In the example “version 2.0,” a Level 3 revision was completed, and thus the major component number (“2”) was increased by one number and the minor component was reset to zero (“0”).

Preserving Prior Versions of Data

When data releases are replaced with a new version, the previous versions are not publicly offered but may be made available to users on request. Because previous versions may have been used to support scientific conclusions in a publication or a policy decision, it is essential to preserve them, for example in a dark archive (an offline location for preservation) or on an inaccessible page in a repository. The file name and accompanying documentation for previous versions should make clear that the data have been superseded. If frequent small revisions of large data files are anticipated, the science center or program should consider investing in an automated version management system that can automatically recreate each prior version by processing a standard revision history file, rather than manually archiving each version.

Examples

The following examples show various notations for documenting data revision changes on the data release landing page.

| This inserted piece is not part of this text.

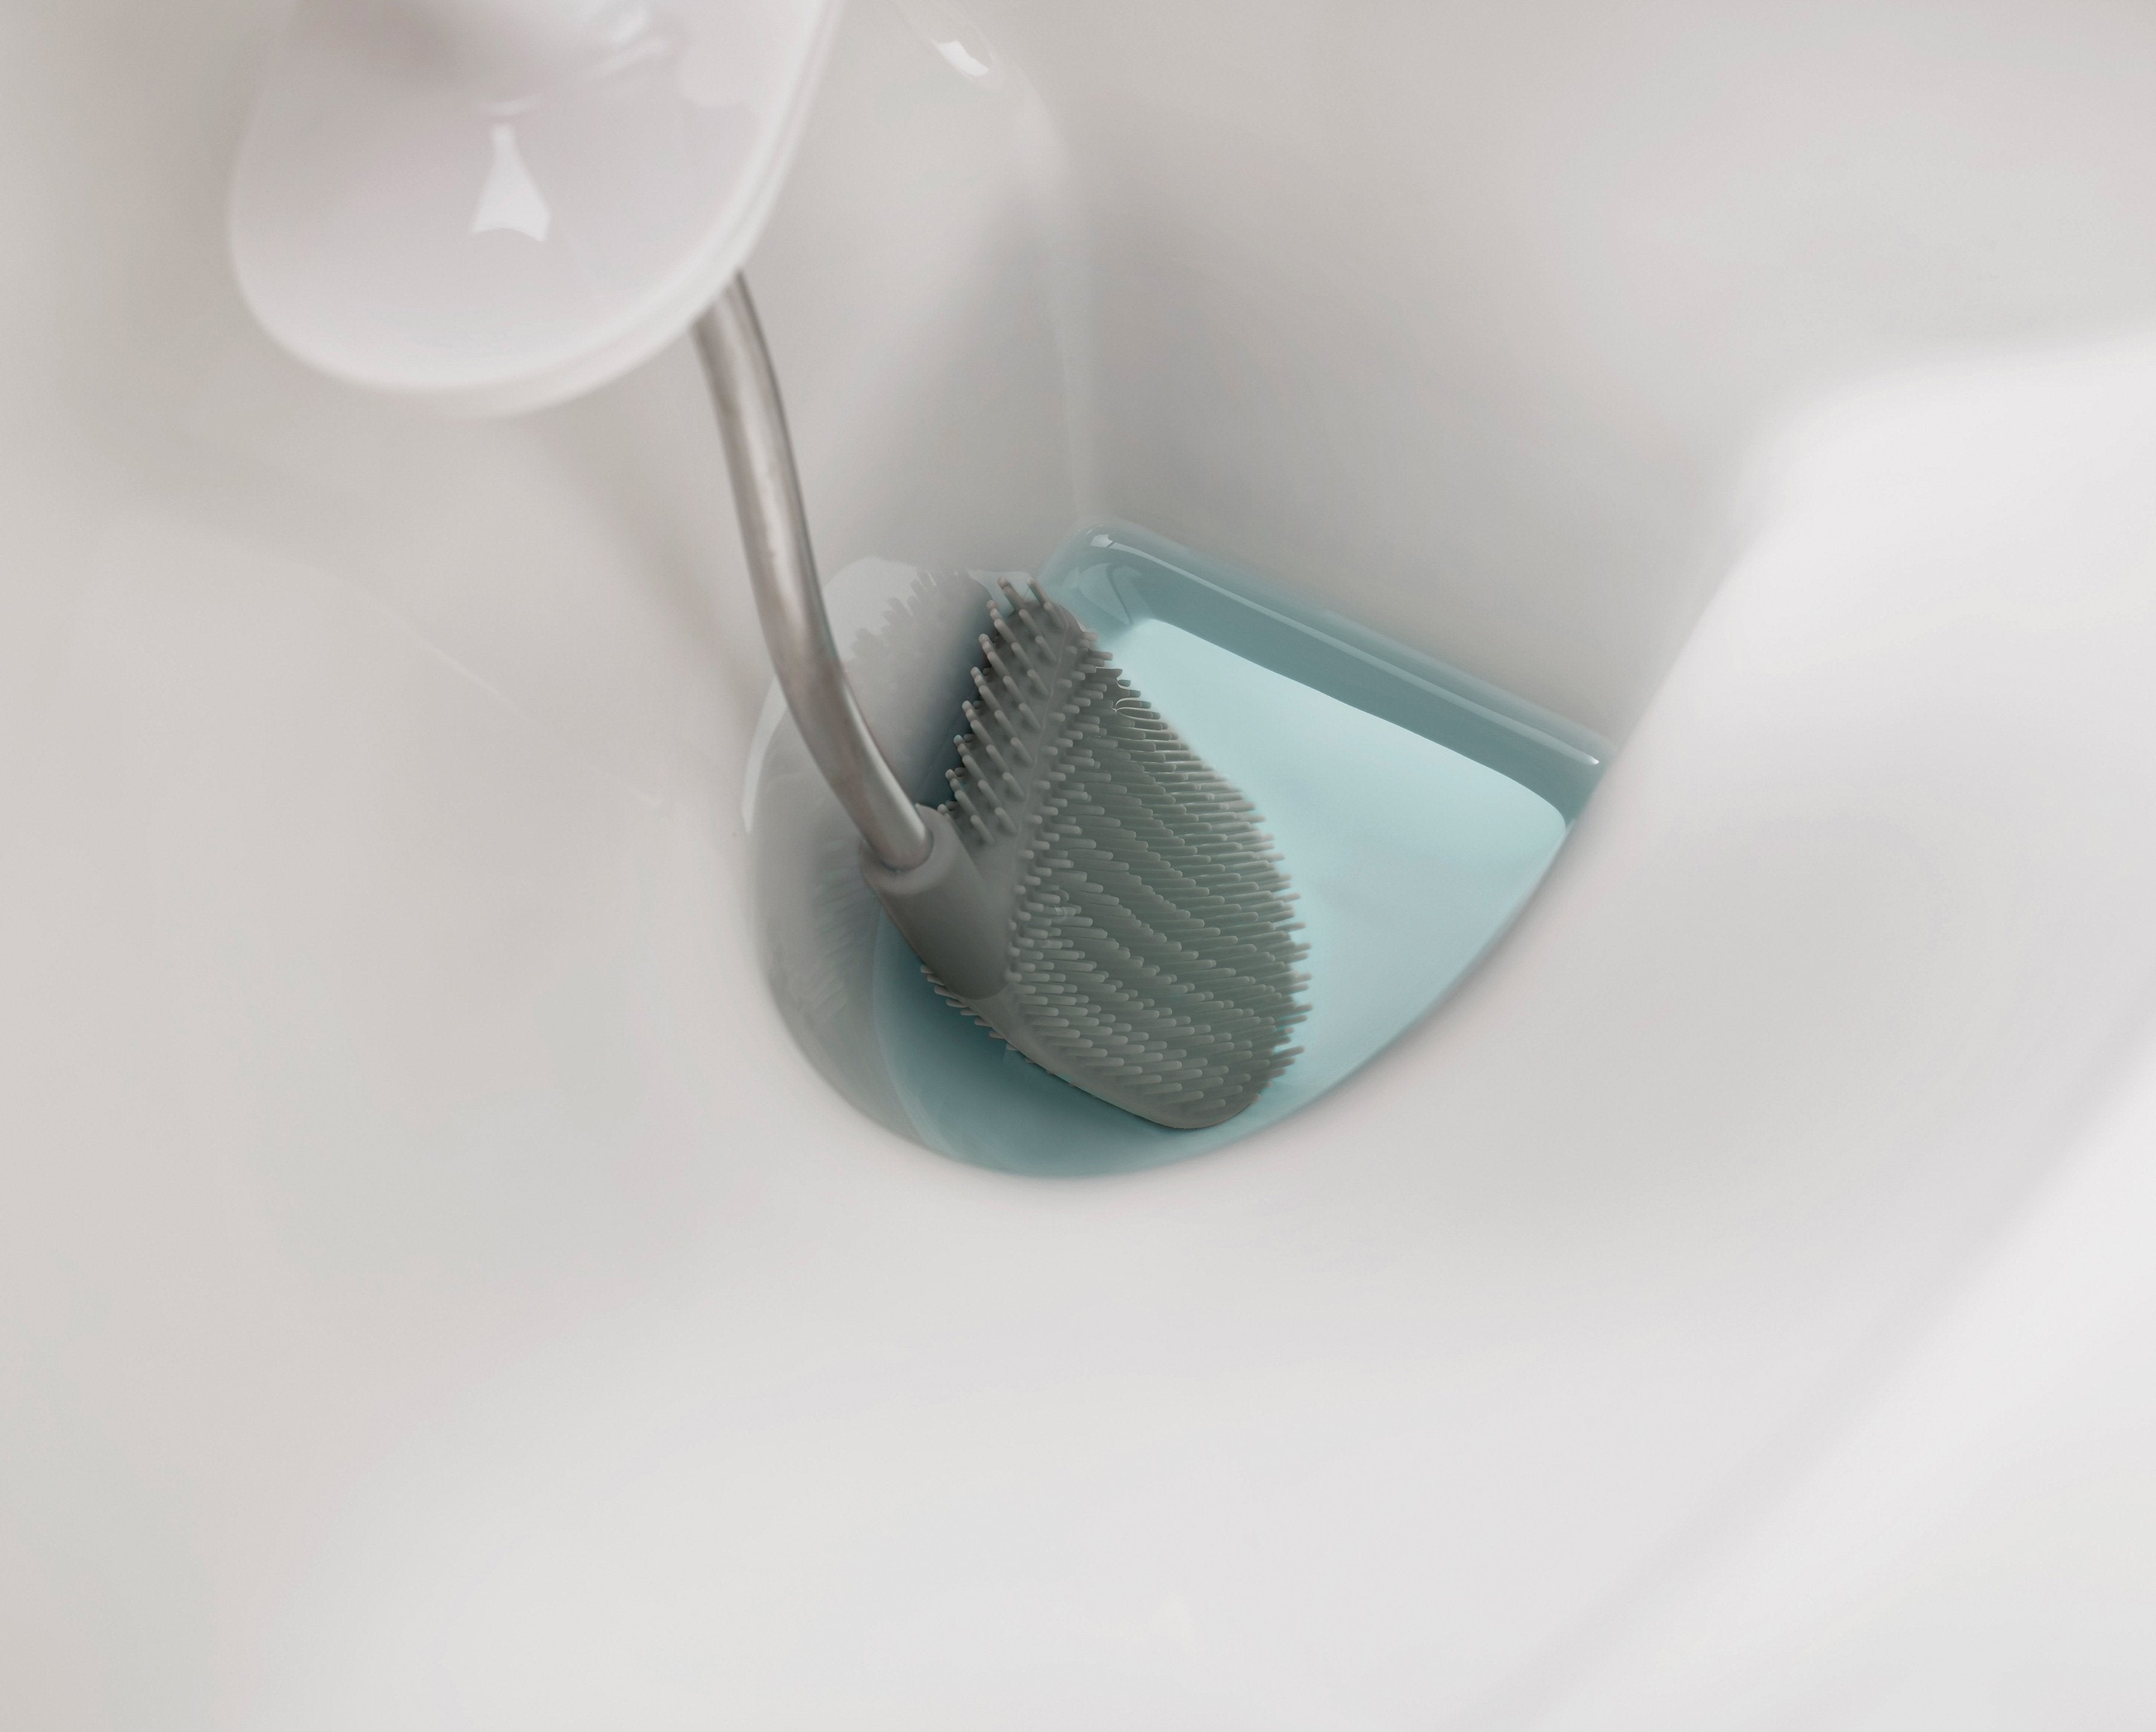 BEON.COM.AU  Our revolutionary Flex™ toilet brush has a unique D-shaped, flexible head with wide bristles to effectively and hygienically clean the toilet.  Flexible, D-shaped head reaches all areas, even under the rim Anti-drip: less dripping between cleaning and storing Anti-clog design: wide bristle spaci... Joseph Joseph at BEON.COM.AU

1. Examples of citation changes:

Original citation:
Klunk, O.T., 2012, Bathymetry of the Bermuda Triangle: U.S. Geological Survey data release, https://doi.org/10.5066/XXXXXXXX.

Revised citations:
Klunk, O.T., 2012, Bathymetry of the Bermuda Triangle (ver. 1.1, July 2012): U.S. Geological Survey data release, https://doi.org/10.5066/XXXXXXXX.
Klunk, O.T., 2012, Bathymetry of the Bermuda Triangle (ver. 2.0, May 2013): U.S. Geological Survey data release, https://doi.org/10.5066/XXXXXXXX.
Note that the data product title and DOI do not change but that version information is added. Additionally, the publication year should reflect the year that the original version was released. Include the new version number and version year in parentheses in the citation.

2. Examples of version release dates and version numbers:
First release: 2012
Revised: July 2012 (ver. 1.1)
Revised: May 2013 (ver. 2.0)

3. Example of revision history:
A revision history text file that concisely describes what changed in each revision is needed. For an example, refer to Pendleton, E.A., Ackerman, S.D., Baldwin, W.E., Danforth, W.W., Foster, D.S., Thieler, E.R., and Brothers, L.L., 2014, High-resolution geophysical data collected along the Delmarva Peninsula, 2014, USGS Field Activity 2014-002-FA (ver. 4.0, October 2016): U.S. Geological Survey data release.